The US government attempted to include the al-Nusra Front in the new ceasefire agreement in Aleppo, but the Russian government insisted on excluding the Islamist movement as unacceptable, Russian Foreign Minister Sergei Lavrov told Sputnik in an exclusive interview on Wednesday.
Cobban pointed out that the US media presented a distorted picture of the fighting in Aleppo.
"The picture presented is that it is the ‘heroes’ of the mainly secular Syrian opposition who are facing an onslaught from the Syrian government forces and their allies… But most of the anti-government forces there are Nusra ones, with perhaps a small presence of non-Nusra ones," she explained.
The Obama administration has tried to play down in the US media the dominant role of the al-Nusra Front in the fighting in Syria, Cobban observed.
"The preponderance of Nusra Front units among the anti-government forces around Aleppo has been very embarrassing to Washington," she noted.
Cobban also said US Secretary of State John Kerry flew to Geneva earlier this week to persuade al-Nusra Front's main backers in Saudi Arabia and other Arab states to try to persuade the group to keep a low profile around Aleppo.
Even the US State Department admitted that the al-Nusra Front and its parent organization al- Qaeda had infiltrated their forces with the so-called "moderate" rebels, New York-based foreign affairs analyst Joe Lauria said.
"The State Department admits that many of its so-called moderate rebels fight side-by-side with al-Qaeda – ‘intermingled’ is the word the State Department uses.

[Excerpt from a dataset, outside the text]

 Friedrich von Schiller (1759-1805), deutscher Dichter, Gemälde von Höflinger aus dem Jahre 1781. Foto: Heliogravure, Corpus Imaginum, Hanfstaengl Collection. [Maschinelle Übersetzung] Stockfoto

They say they are trying to separate them, but no one believes it's really possible," he said.
The opposition groups fighting in Syria were chaotic and intermingled with each other, Lauria pointed out.
"The jihadist insurgency in Syria is a cesspool. There are about 1,500 different rebel groups, and only about 100 agreed to the ceasefire. Fighters regularly change sides. Many are foreign mercenaries who will fight for the highest pay," he observed.

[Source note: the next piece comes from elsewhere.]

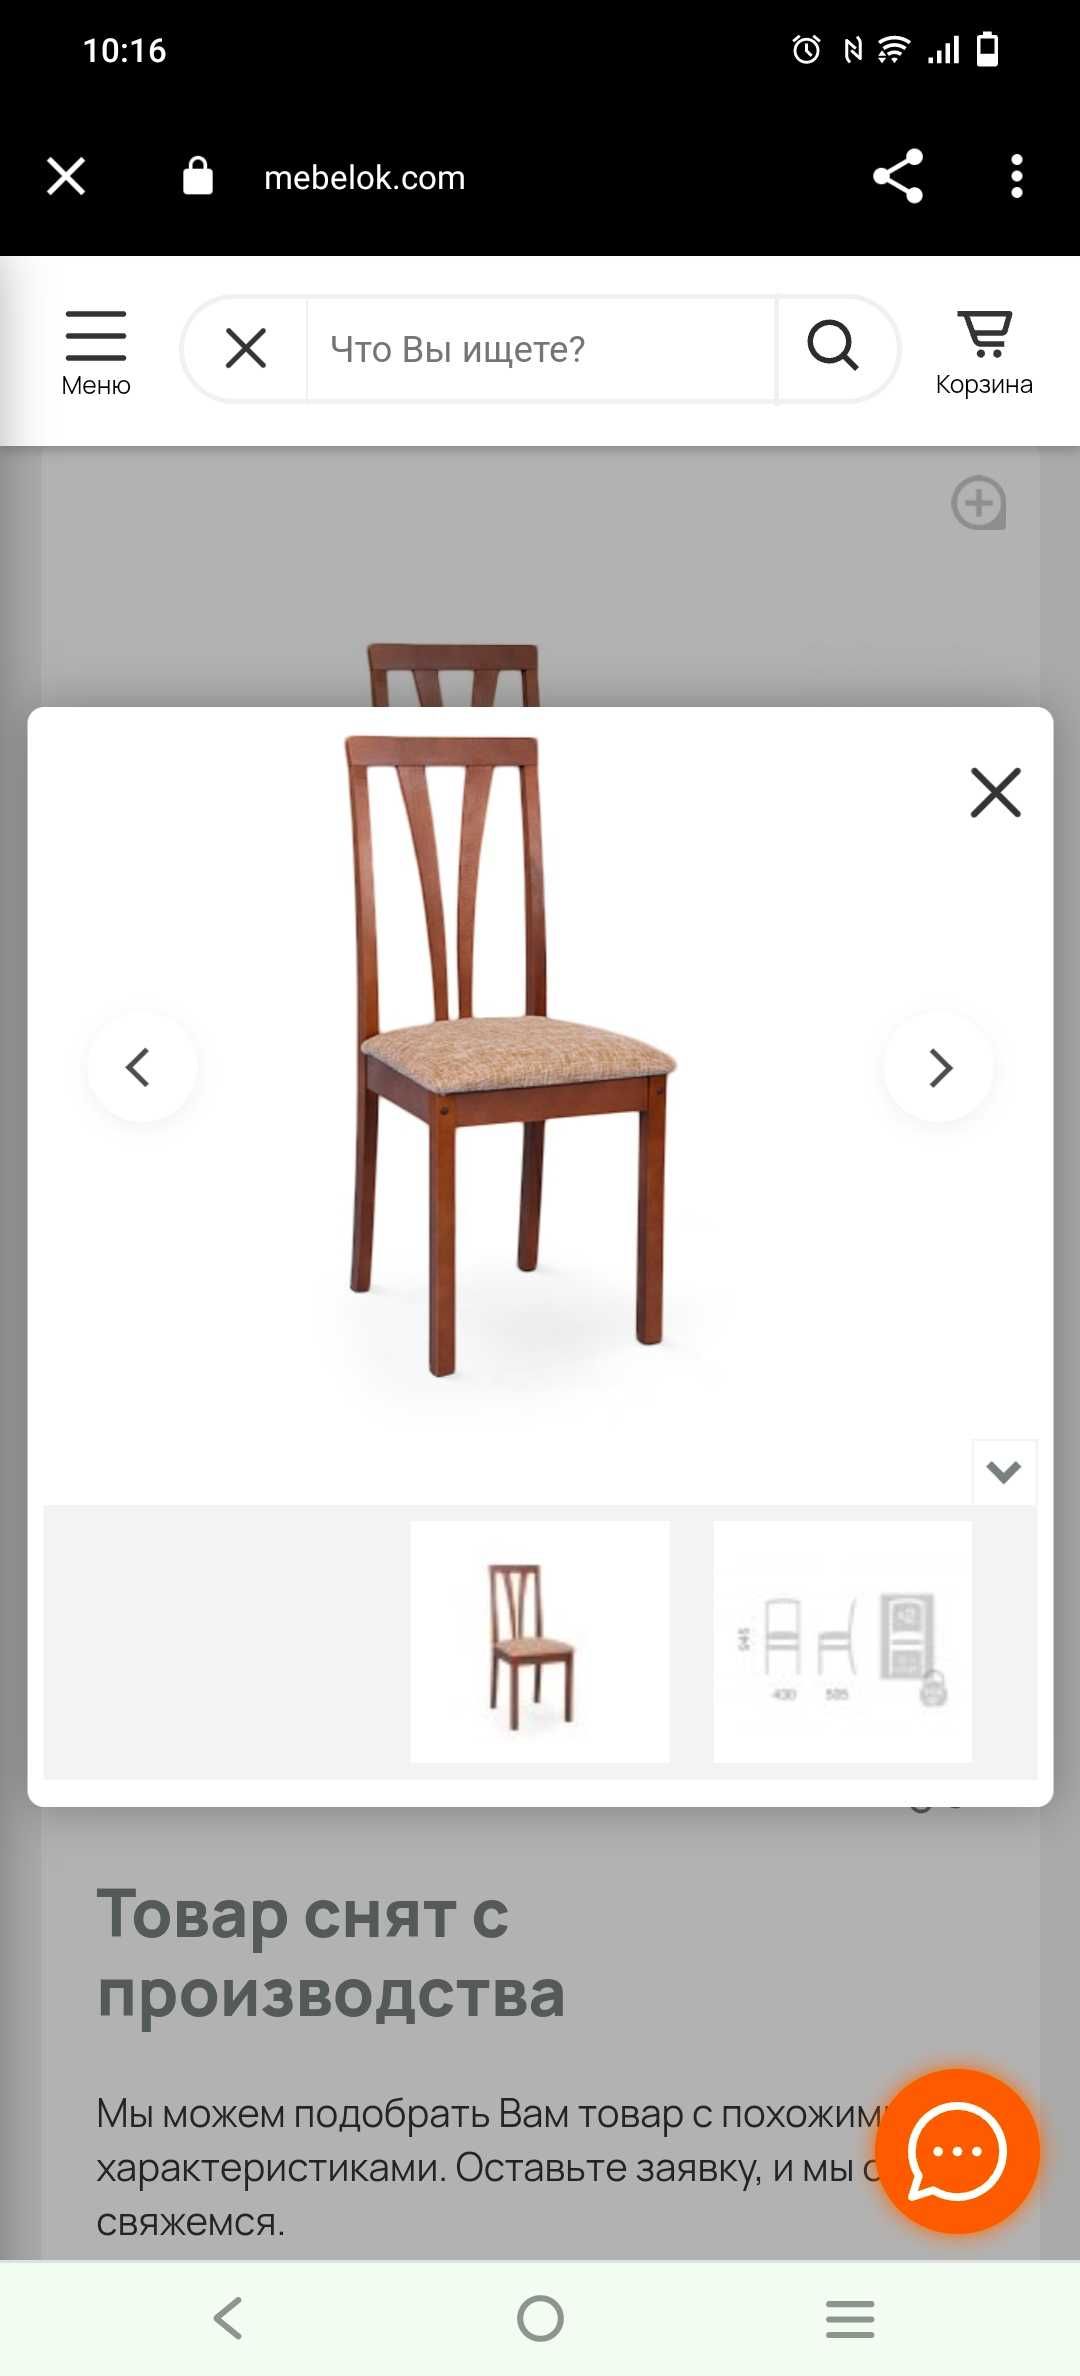 стул с деревянной спинкой и мягким сиденьем 4шт 15тгx4=60тг,

US policy on Syria with its obsession about overthrowing President Bashar Assad was based on assumptions five years out of date, Lauria said.
"It's a policy on Syria that is stuck in 2011. It's not the same country anymore. And it’s not the same war," he added.
The conflict in Syria had long ceased to be a popular uprising and instead is a war of foreign Islamists backed by the Gulf states, Turkey and the United States, Lauria concluded.